La Commission Électorale Indépendante (CEI) a rendu publique, ce mercredi 4 juin 2025, la liste électorale définitive. Si les chiffres impressionnent 8.727.431 électeurs inscrits, dont 715.008 nouveaux , c’est surtout l’absence criante de plusieurs figures majeures de l’opposition qui retient l’attention.
Laurent Gbagbo, Guillaume Soro, Charles Blé Goudé et Tidjane Thiam, tous potentiels prétendants à la magistrature suprême, ont été purement et simplement radiés, comme en 2020. Officiellement, pour des raisons judiciaires pénales pour les uns, administratives pour les autres.Mais à sept mois de la présidentielle, ces exclusions relancent les soupçons d’un verrouillage du jeu électoral.
Une radiation politique déguisée ?
Dans un contexte où le RHDP, parti au pouvoir, domine largement les institutions, la radiation systématique de ses anciens adversaires interroge. Peut-on encore parler de compétition électorale lorsque les principaux opposants sont rayés de la carte électorale?
Laurent Gbagbo, entre Bruxelles et Abidjan, reste empêtré dans une condamnation qui continue de faire débat.
Guillaume Soro, toujours en exil, reste frappé par une lourde peine judiciaire.

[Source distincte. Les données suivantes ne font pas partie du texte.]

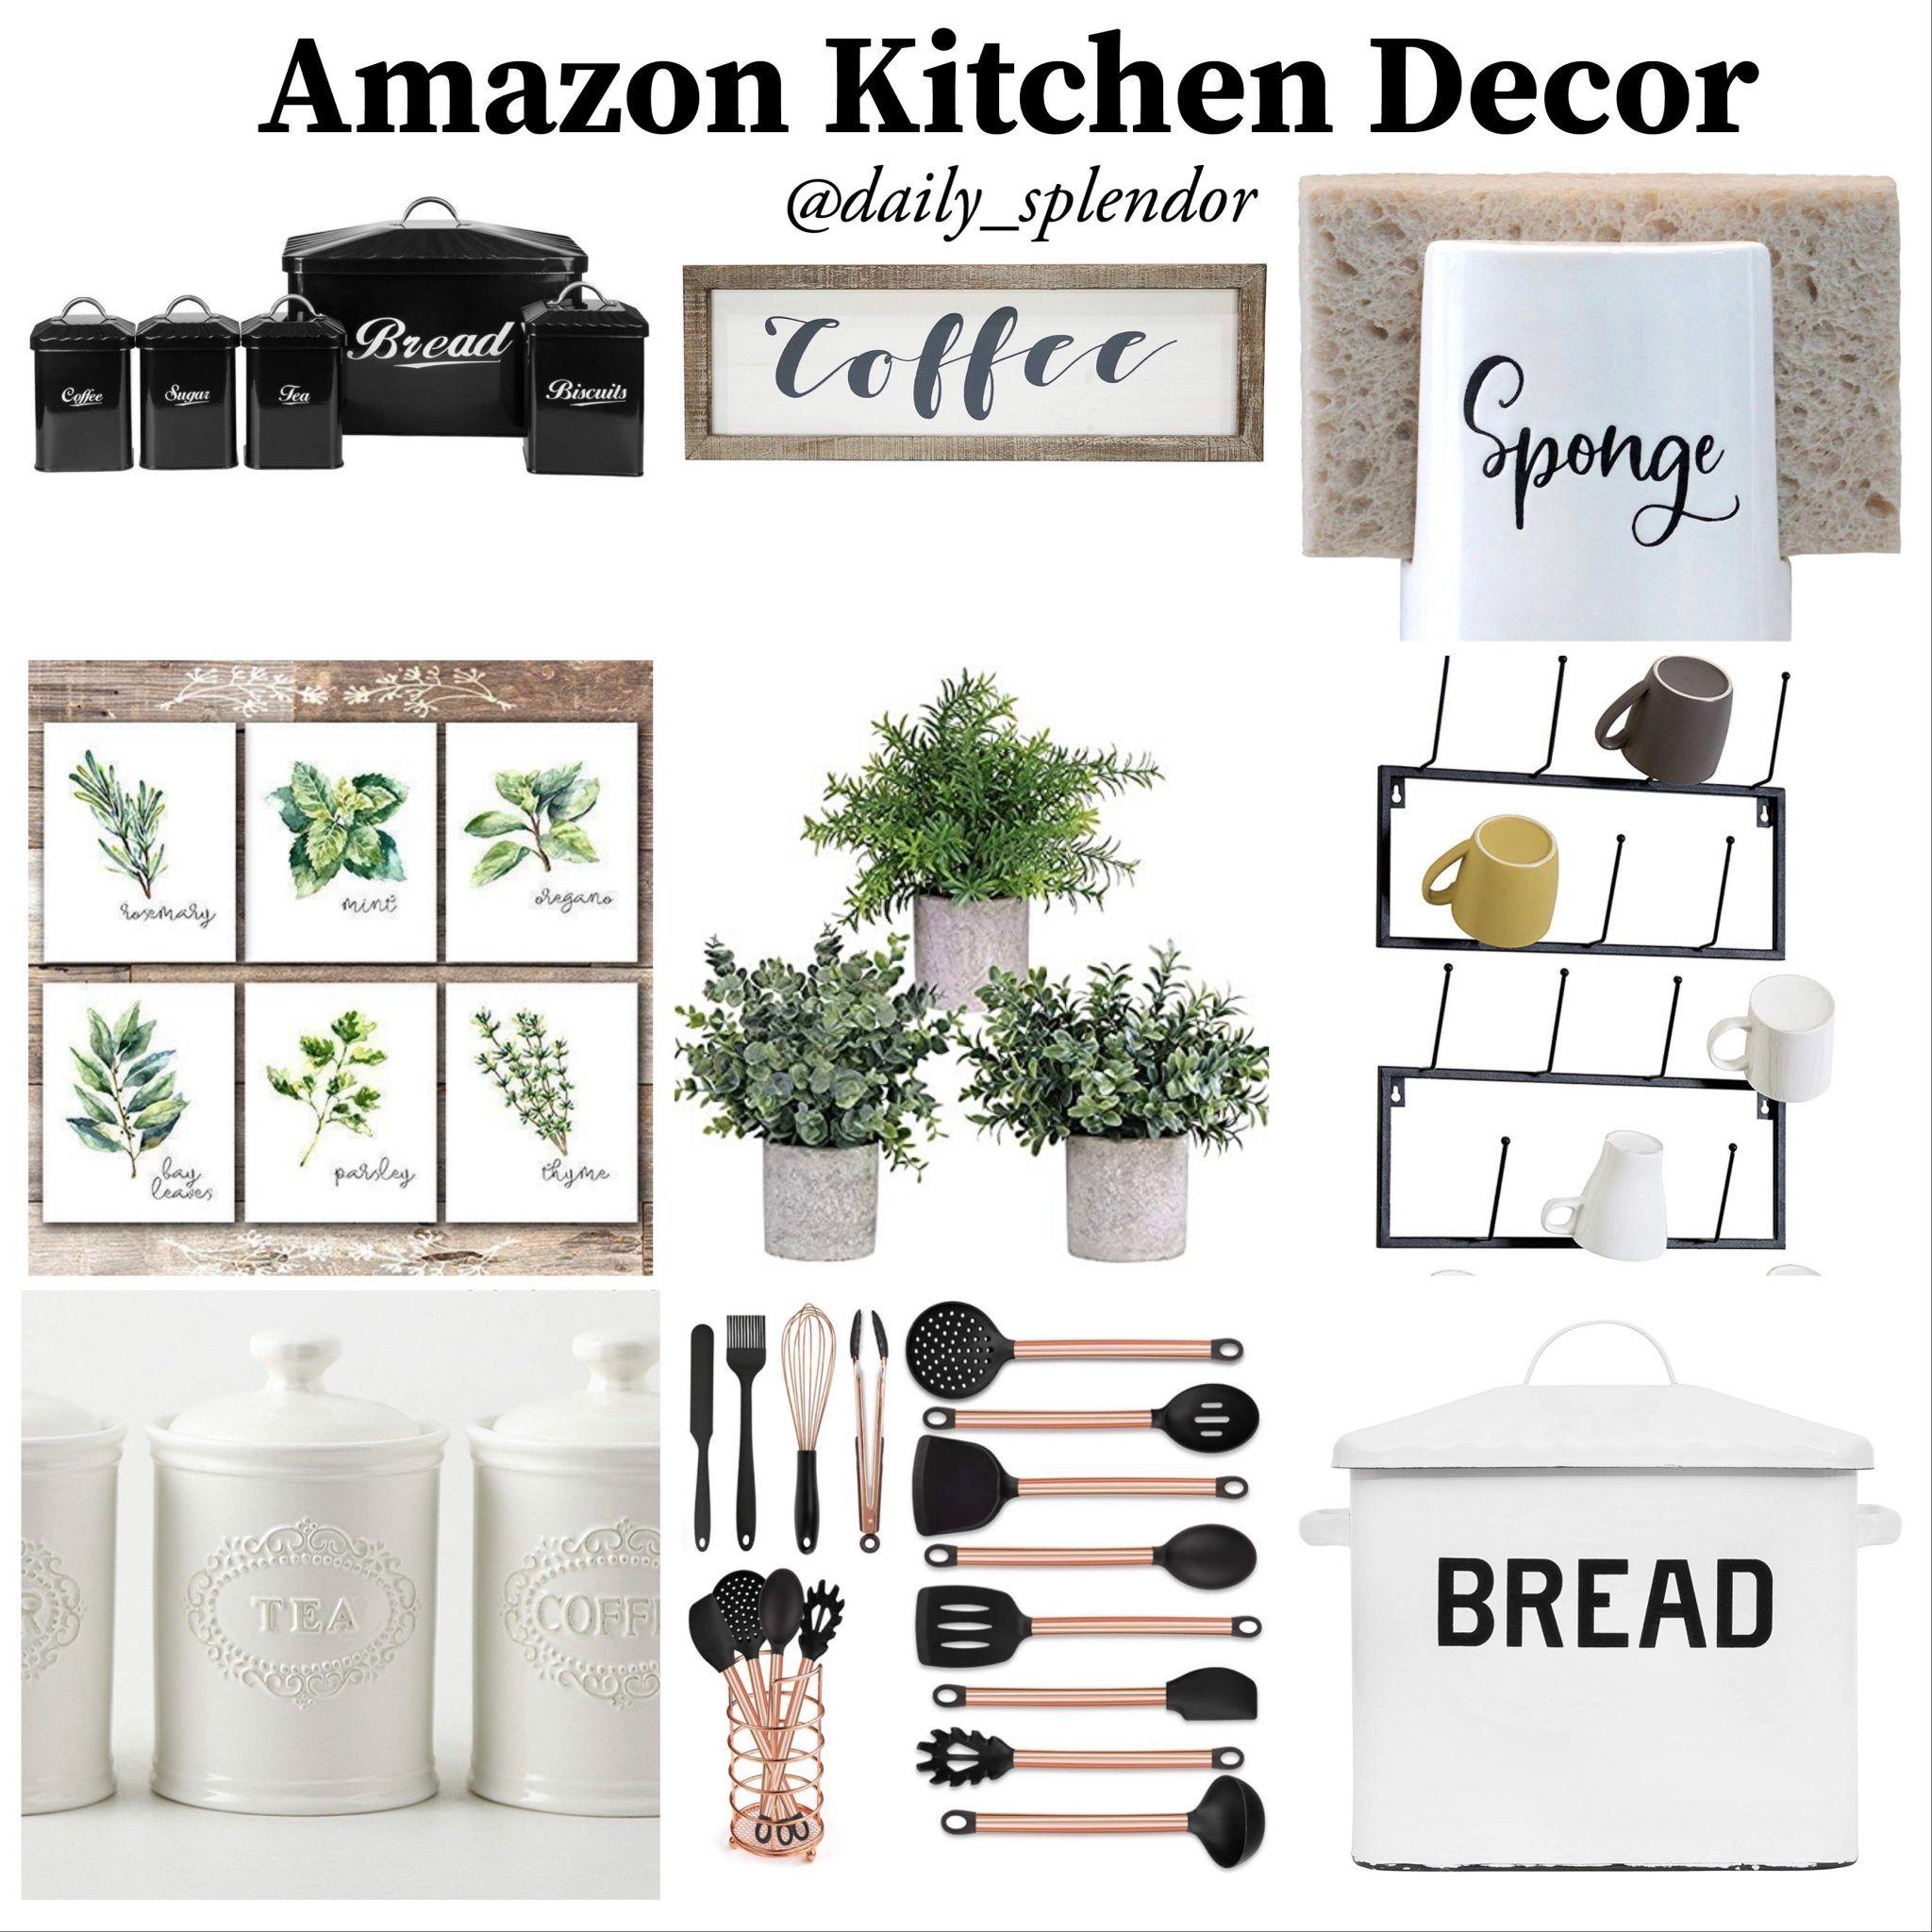 Amazon Kitchen Decor | Daily Splendor Life and Style Blog #kitchendecor #amazonhome #farmhousekitchen #modernfarmhouse #kitchenfinds #amazondecor

Charles Blé Goudé, pourtant revenu au pays depuis 2022, n’a toujours pas retrouvé ses droits civiques.
Tidjane Thiam, dont le retour en politique a suscité beaucoup d’espoir au sein du PDCI, est exclu pour des raisons administratives , alors même qu’il séjourne en France depuis plus de deux mois.
Une élection déjà pliée ?
La question devient inévitable : à quoi bon organiser une élection si les dés sont pipés d’avance ?
Avec des poids lourds de l’opposition absents, le scrutin présidentiel d’octobre risque fort de ressembler à une simple formalité pour le RHDP, tant l’alternance semble neutralisée par les mécanismes judiciaires et administratifs.
Une démocratie sous tension
Ces radiations, pour certains perçues comme des manœuvres d’élimination politique, pourraient accentuer le désintérêt des électeurs, voire raviver les tensions postélectorales, que le pays a déjà durement connues.
Alors que le gouvernement insiste sur la régularité du processus, une partie de l’opinion publique, elle, dénonce un simulacre d’élection orchestré au sommet
En 2025, la Côte d’Ivoire risque-t-elle de vivre une présidentielle sans véritable débat démocratique ?
La question dérange, mais elle est plus que jamais d’actualité.